All of these are considered "ad server events" in RTBkit parlance. All are implemented as HTTP JSON POST calls to the AdServer Connector component, which collects these messages, logs them and pass them to the Post Auction Service for matching.
The PAS matches wins to bid requests, and clicks and conversions to wins. It also notifies Bidding Agents of matched events, so they can potentially modify their bidding logic in response to the information that a certain bid won or resulted in a click or conversion and another did not. So this data flow supports multiple purposes:
- logging events for later reporting
- matching wins so campaign budgets in the banker can be adjusted properly
- updating Bidding Agents with signal information about how successfully they are bidding
Here we see that three other data flows are happening asynchronously.

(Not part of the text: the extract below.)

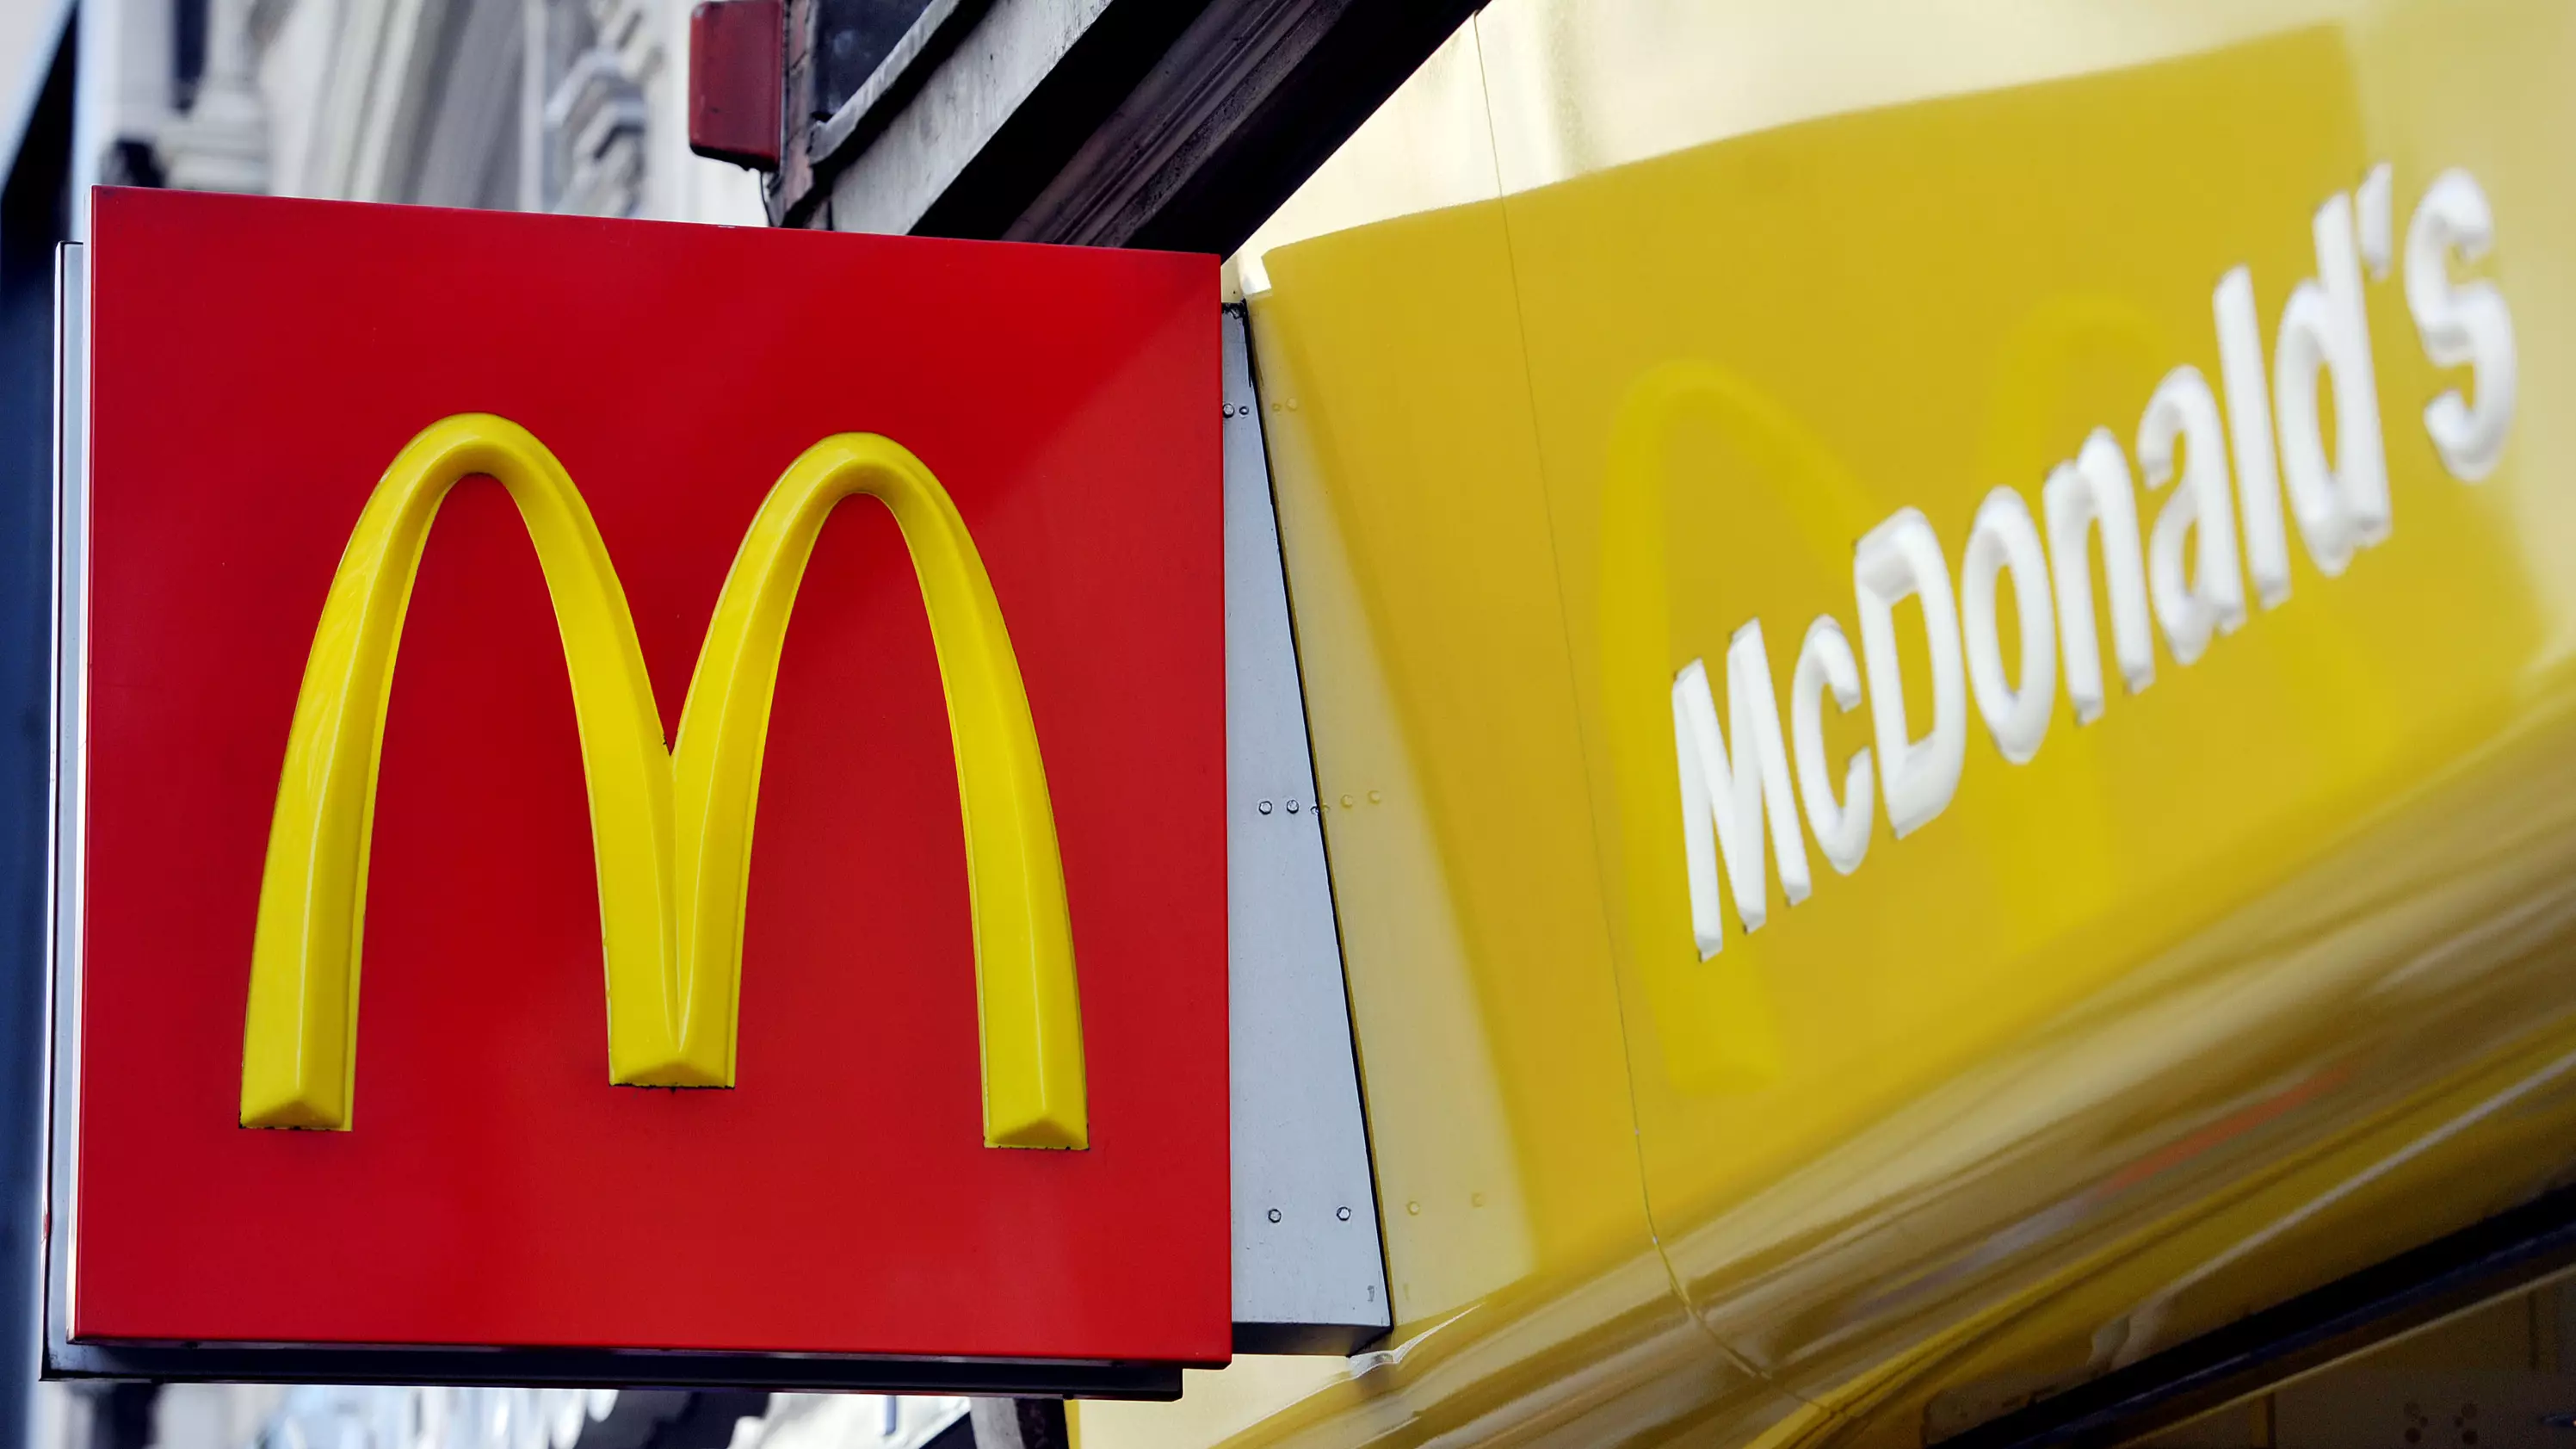 McDonald’s Milkshake Fans Devastated By National Supply Shortage
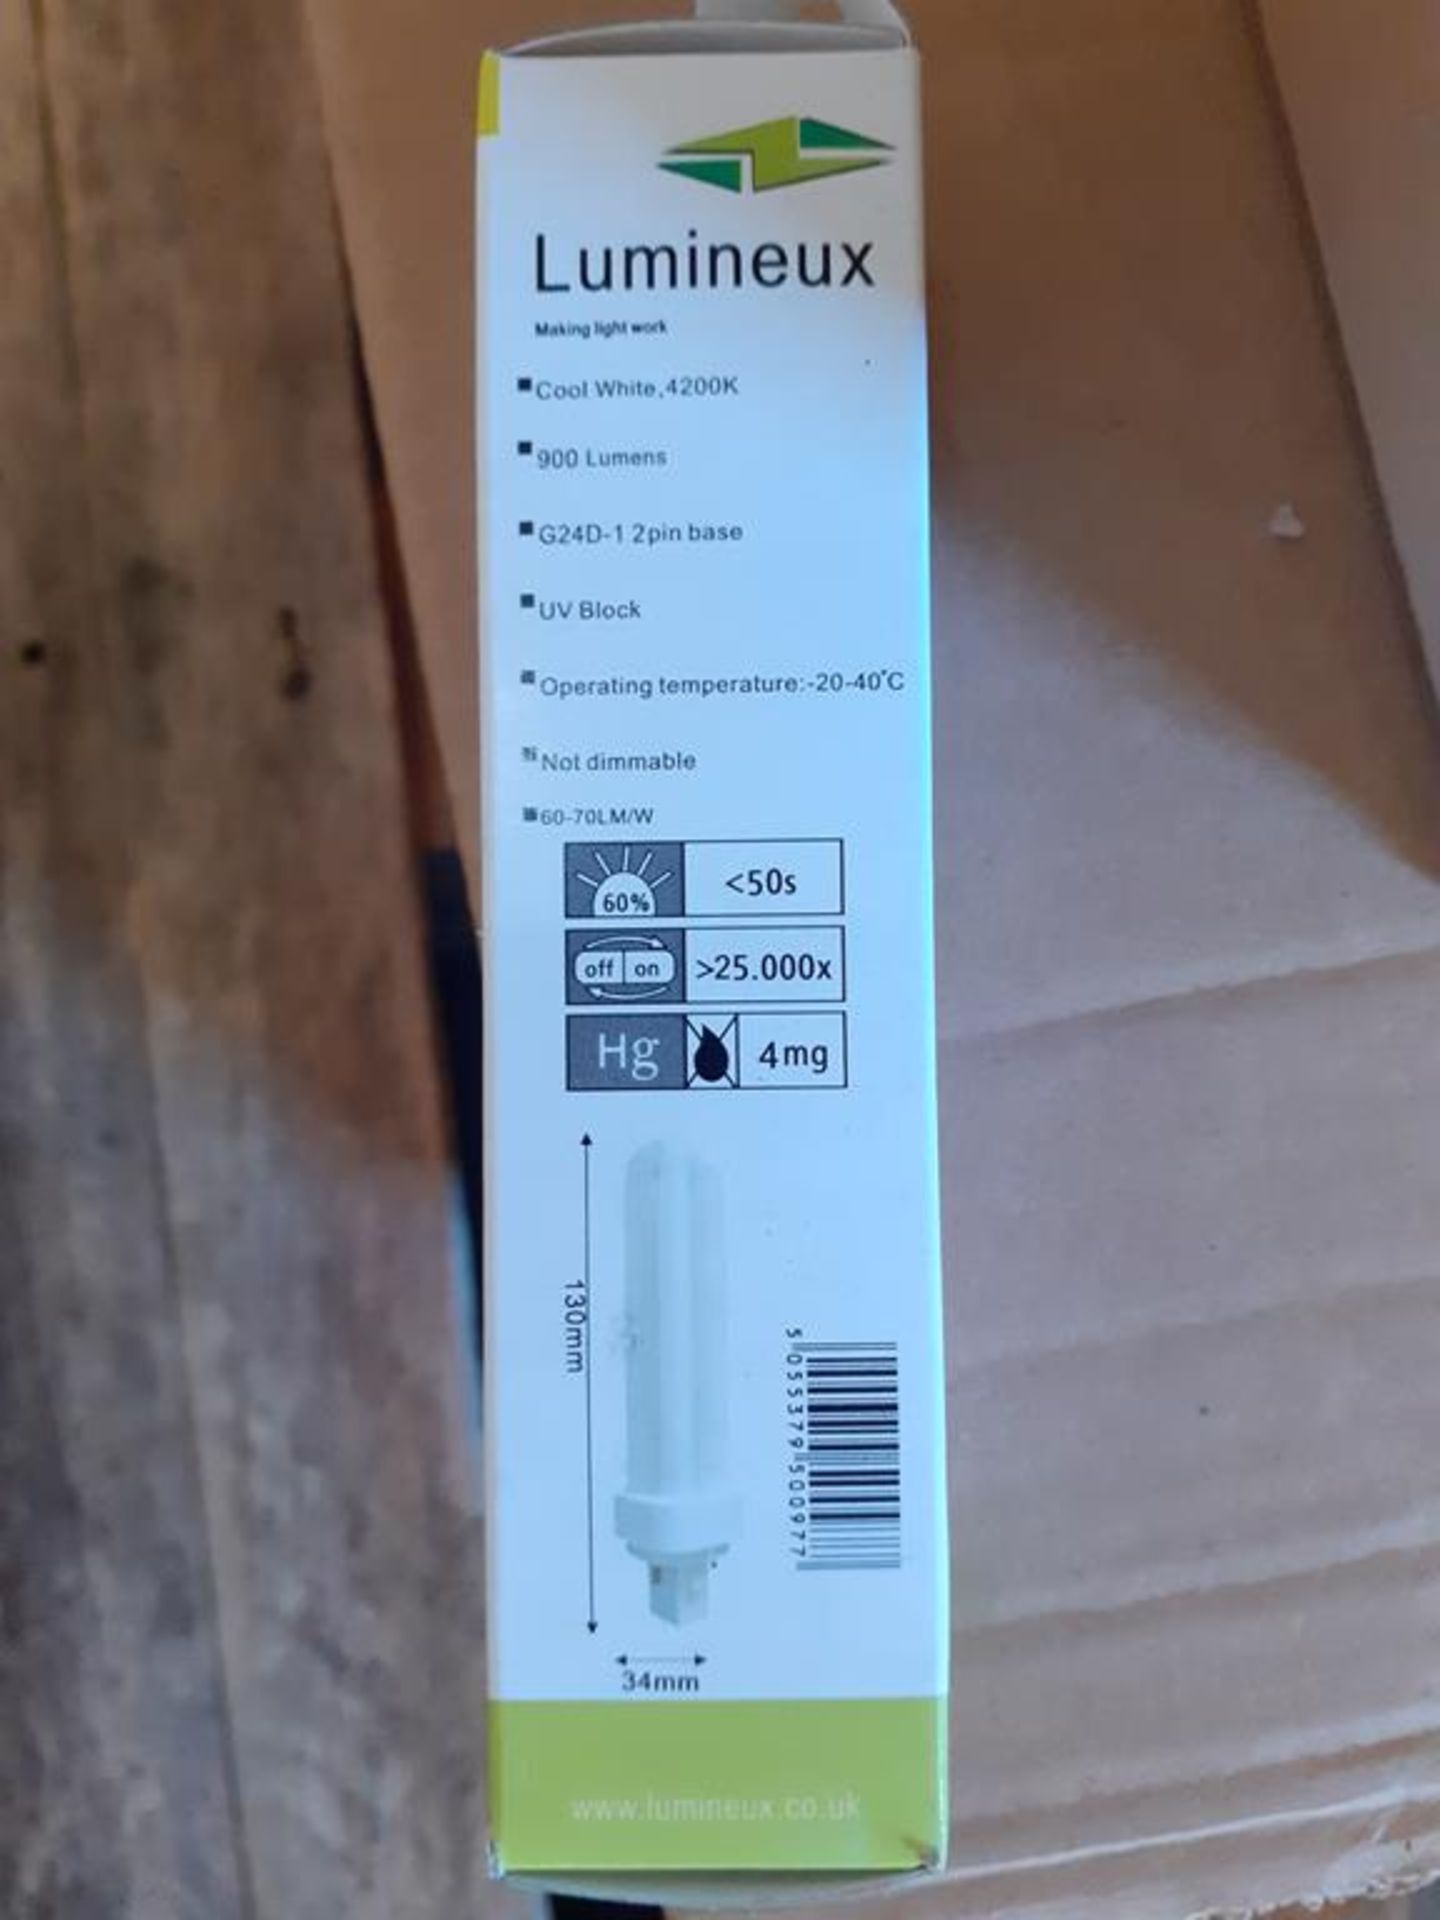 3x boxes of Lumineux PLC Compact 13W G24D-1 2U 2Pin 4200K Cool White Fluorescent Bulbs (100pcs per b - Image 5 of 5

The flow of Win events from the Ad Server Connector, which isn't shown, into the Post Auction Service, allow the PAS to match wins to previous bids. This service also updates the Agents, so they know which campaigns have recorded Wins, Clicks and Conversions. Agents can use this data to influence their bidding decisions.
In turn, this lets the Slave Banker update the Master to debit outstanding bids when matching wins are received in the Post Auction Service, or to redeem budget when Losses are inferred.
Finally, a separate Agent Configuration Service periodically updates the filtering configurations available to the three layers of Filtering in RTBkit, Static, Augmenter and Dynamic Filters. We'll take a deeper dive on filtering in just a bit.